# External HardDrive Problem (please help :(  )



## Conzo137 (Feb 3, 2009)

Hey,
Got a 120gb external drive off my unkle, it has stored avi files and other video files, and whenever i open it i keep getting the windows explored message that an error ocoured and had to close, so i cant use the drive, can anyone please give me any advice? it would be much appreicated


----------



## thoughtdisorder (Feb 3, 2009)

Conzo137 said:


> Hey,
> Got a 120gb external drive off my unkle, it has stored avi files and other video files, and whenever i open it i keep getting the windows explored message that an error ocoured and had to close, so i cant use the drive, can anyone please give me any advice? it would be much appreicated



What version OS (Operating System) are you using?


----------



## Conzo137 (Feb 3, 2009)

XP sorry about that


----------



## WhiteLotus (Feb 3, 2009)

What about this error message what does it say?


----------



## Conzo137 (Feb 3, 2009)

Windows Explorer has encountered a problem and needs to close.  We are sorry for the inconvenience.

and then
if you were in the middle of something the infomation might be lost,

please tell microsoft about this problem
we have created an error report that you can sent to help is improve windows explorer. we will treat this report as confidental and anonymous

then send error report or dont send


----------



## WhiteLotus (Feb 3, 2009)

what does this error report say? or give an error code?


----------



## thoughtdisorder (Feb 3, 2009)

Try sending the error, then click "details" after it has reported it. (There should be another pop up after reporting).


----------



## IggSter (Feb 3, 2009)

This could possibly be the autoplay function in windows. I have an ext HD with mp3s on and whenever i plug it in XP trys to play all 20,000 files. There is an option to turn this off:

disable-autoplay

Certainly worth trying.


----------



## Conzo137 (Feb 3, 2009)

No Error code that i can find 
the error report isint actualy telling me anything about whats happening

i tried that link, and when i paste the command into run it says its not a valid command,


----------



## thoughtdisorder (Feb 3, 2009)

Try this:

1) Insert your flash/external drive into the USB port. 
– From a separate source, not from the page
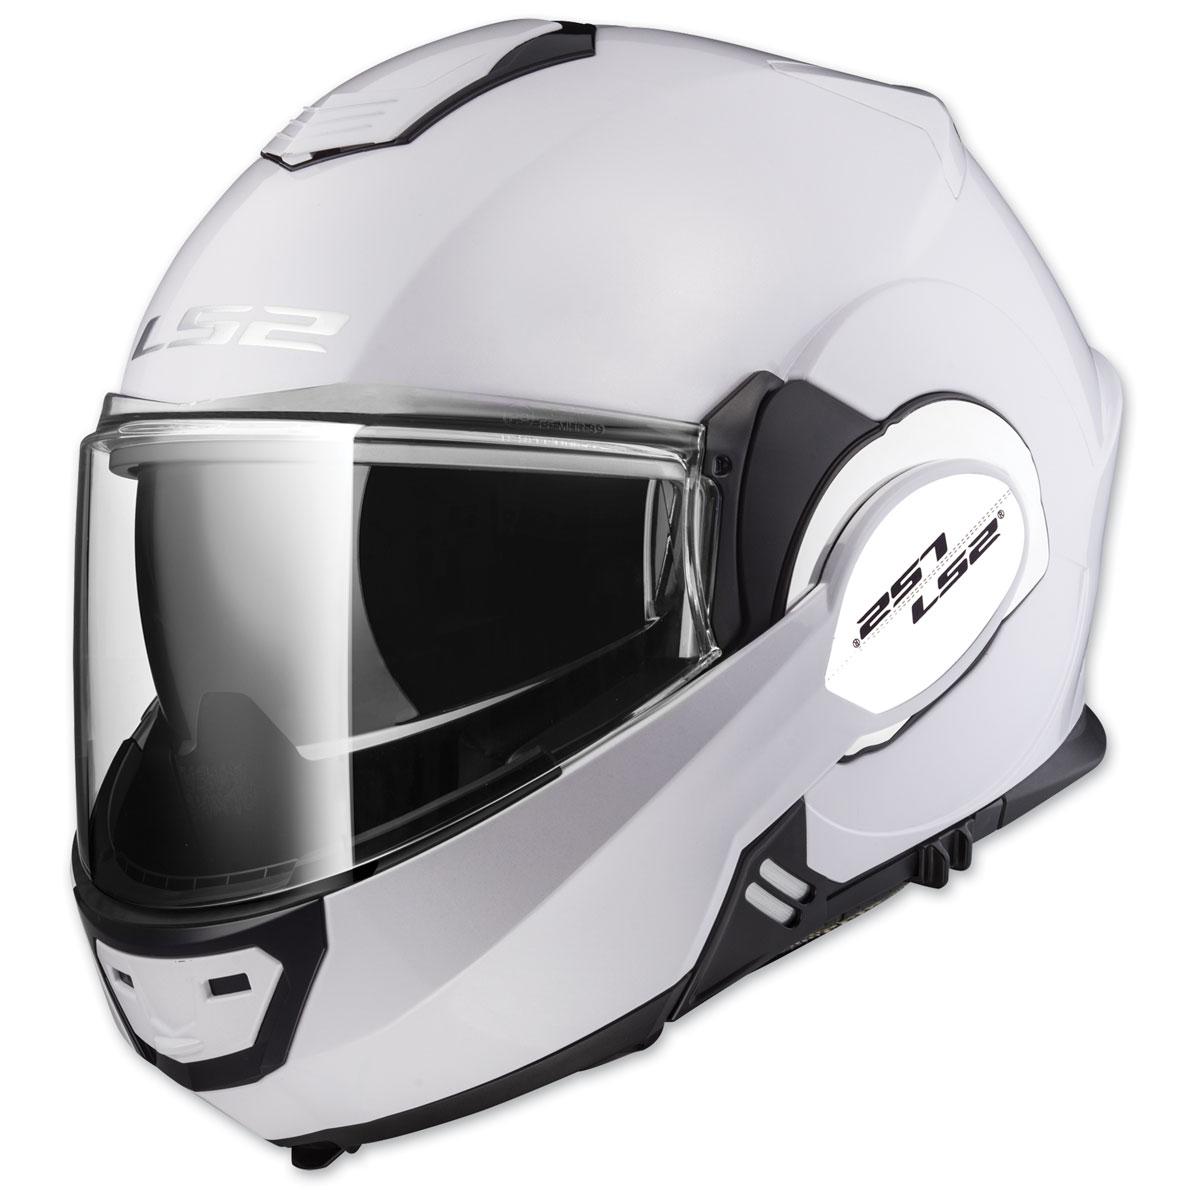 LS2 Valiant White Modular Helmet
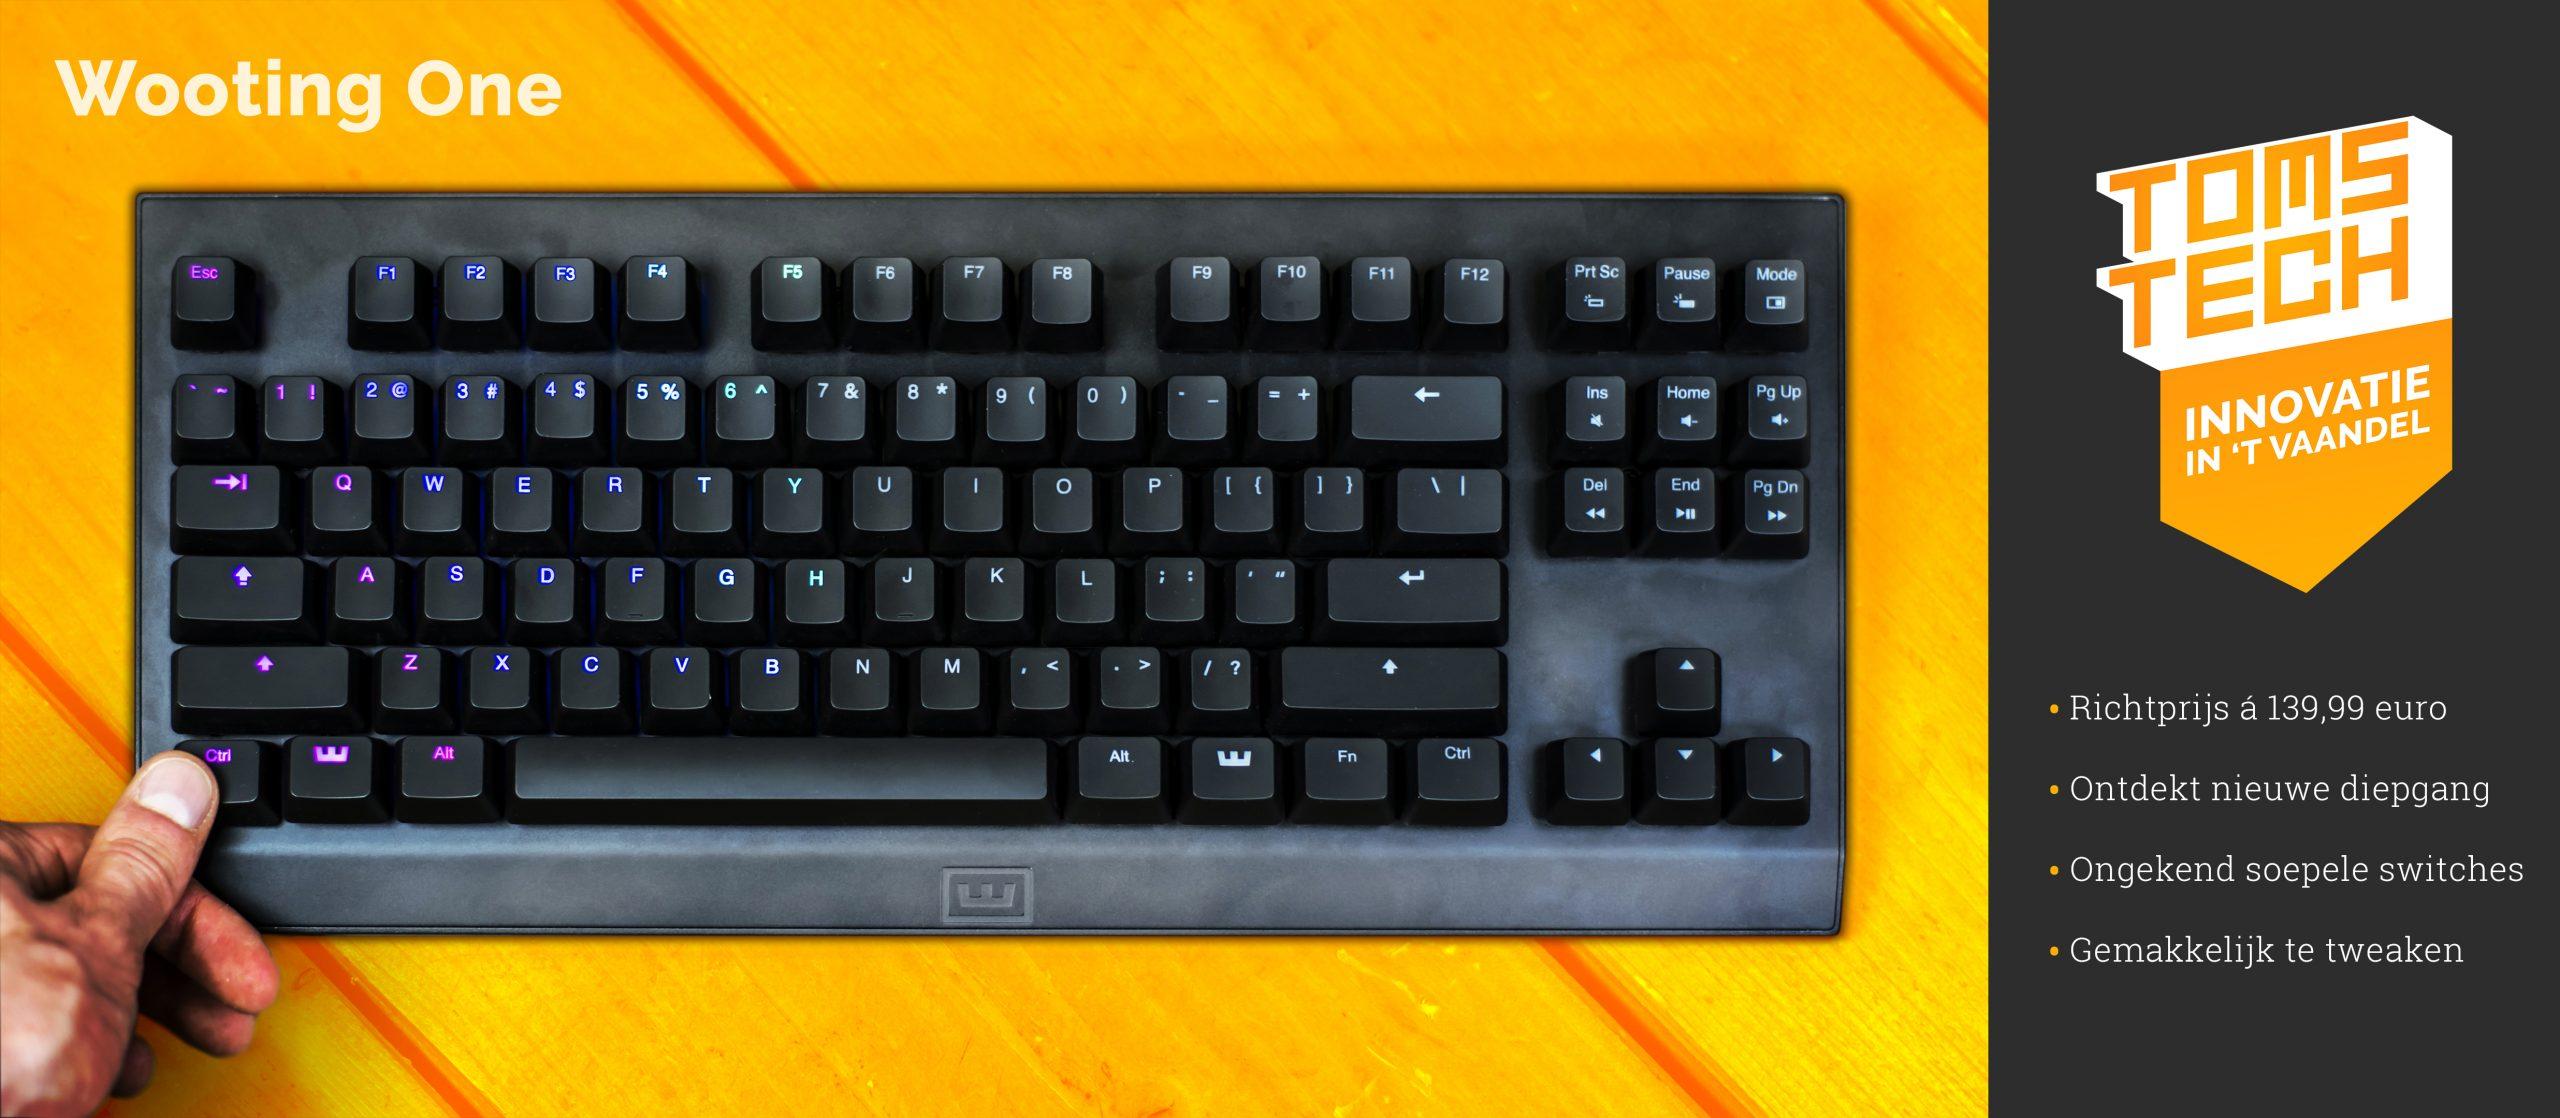 """De Wooting One valt als eerste in de prijzen onder """"Innovatie in 't Vaandel"""" — Met analoge input duikt Wooting nieuwe dieptes in voor gaming-toetsenborden."""

2) When you see the AutoPlay dialog box, click Cancel. 

3) Open My Computer, right-click your flash drive icon, and select Properties. 

4)In the Properties dialog box, select the AutoPlay tab. 

5) Perform the following steps for each item in the Content Type drop-down list: 
> Select an item in the Content Type drop-down list. 
> Choose Select An Action To Perform in the Actions panel. 
> Select the Open Folder To View Files In Windows Explorer action. 
> Click the Apply button. 
> Click OK to close the Properties dialog box.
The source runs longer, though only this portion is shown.